Delivery of Warrant Shares Upon Exercise. The Company shall cause the Warrant Shares purchased hereunder to be transmitted
by the Transfer Agent to the Holder by crediting the account of the Holder’s or its designee’s balance account with The Depository
Trust Company through its Deposit or Withdrawal at Custodian system (“DWAC”) if the Company is then a participant in
such system and either (A) there is an effective registration statement permitting the issuance of the Warrant Shares to or resale of
the Warrant Shares by the Holder or (B) the Warrant Shares are eligible for resale by the Holder without volume or manner-of-sale limitations
pursuant to Rule 144 (assuming cashless exercise of the Warrants), and otherwise by book-entry credit, registered in the Company’s
share register in the name of the Holder or its designee, for the number of Warrant Shares to which the Holder is entitled pursuant to
such exercise to the address specified by the Holder in the Notice of Exercise by the date that is the earliest of (i) two (2) Trading
Days after the delivery to the Company of the Notice of Exercise, (ii) one (1) Trading Day after delivery of the aggregate Exercise Price
to the Company and (iii) the number of Trading Days comprising the Standard Settlement Period after the delivery to the Company of the
Notice of Exercise (such date, the “Warrant Share Delivery Date”); provided, that the Company shall not be obligated
to deliver the Warrant Shares hereunder until the Company has received the aggregate Exercise Price (other than in the case of a cashless
exercise) on or before the Warrant Share Delivery Date.
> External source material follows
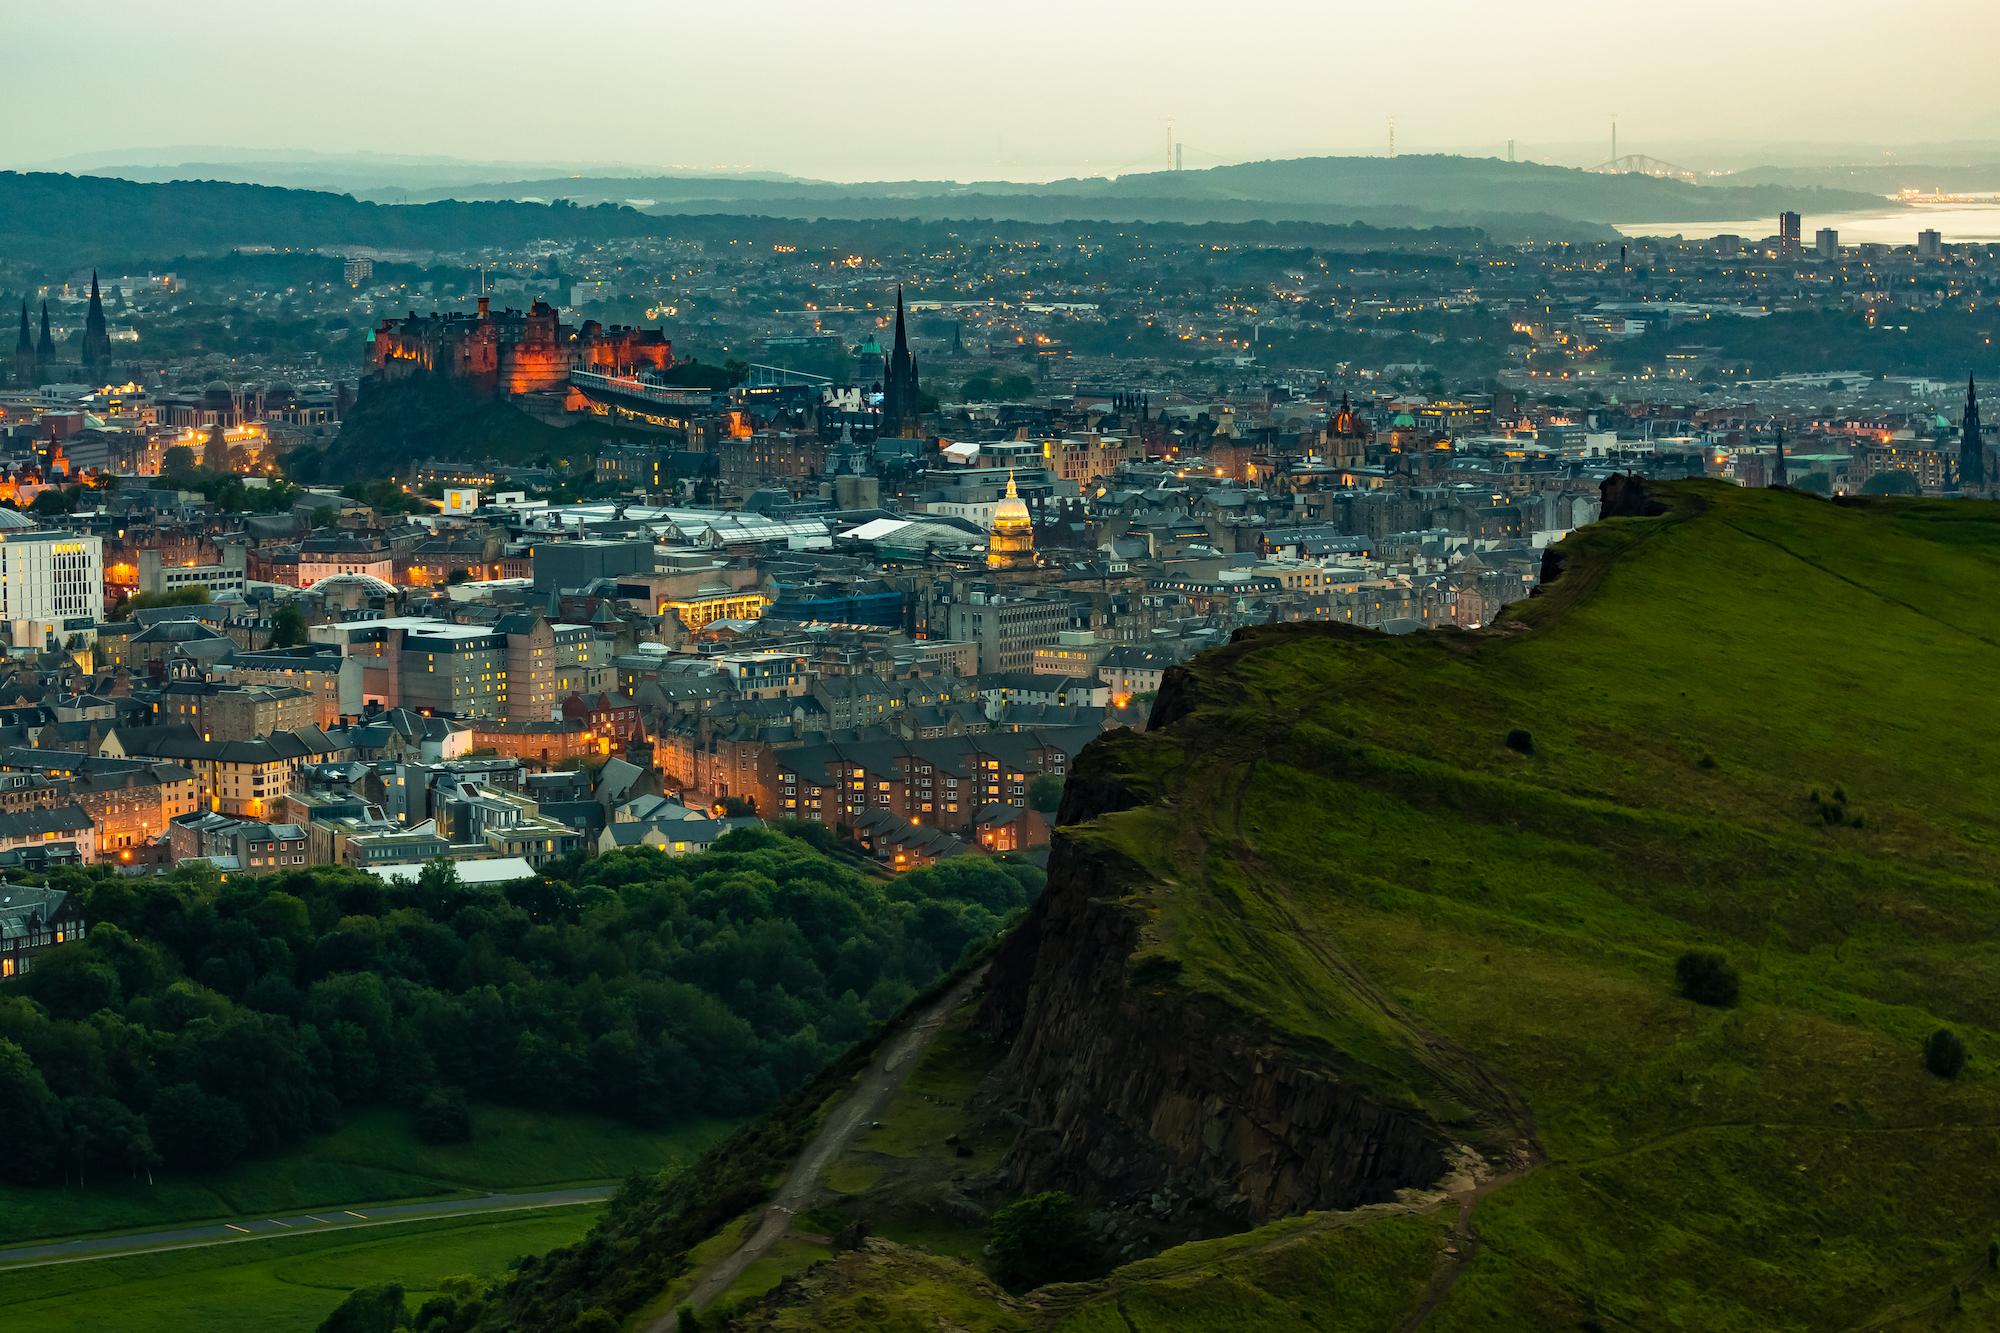 (182) (PO) Salisbury Crags to Edinburgh Castle and the Forth Bridges, Edinburgh, Scotland.jpg

Upon delivery of the Notice of Exercise, the Holder shall be deemed for all corporate
purposes to have become the holder of record of the Warrant Shares with respect to which this Warrant has been exercised, irrespective
of the date of delivery of the Warrant Shares, provided that payment of the aggregate Exercise Price (other than in the case of a cashless
exercise) is received within the earlier of (i) two (2) Trading Days and (ii) the number of Trading Days comprising the Standard Settlement
Period following delivery of the Notice of Exercise. If the Company fails for any reason to deliver to the Holder the Warrant Shares subject
to a Notice of Exercise by the Warrant Share Delivery Date, the Company shall pay to the Holder, in cash, as liquidated damages and not
as a penalty, for each $1,000 of Warrant Shares subject to such exercise (based on the VWAP of the Common Stock on the date of the applicable
Notice of Exercise), $10 per Trading Day (increasing to $20 per Trading Day on the third Trading Day after the Warrant Share Delivery
Date) for each Trading Day after such Warrant Share Delivery Date until such Warrant Shares are delivered or Holder rescinds such exercise.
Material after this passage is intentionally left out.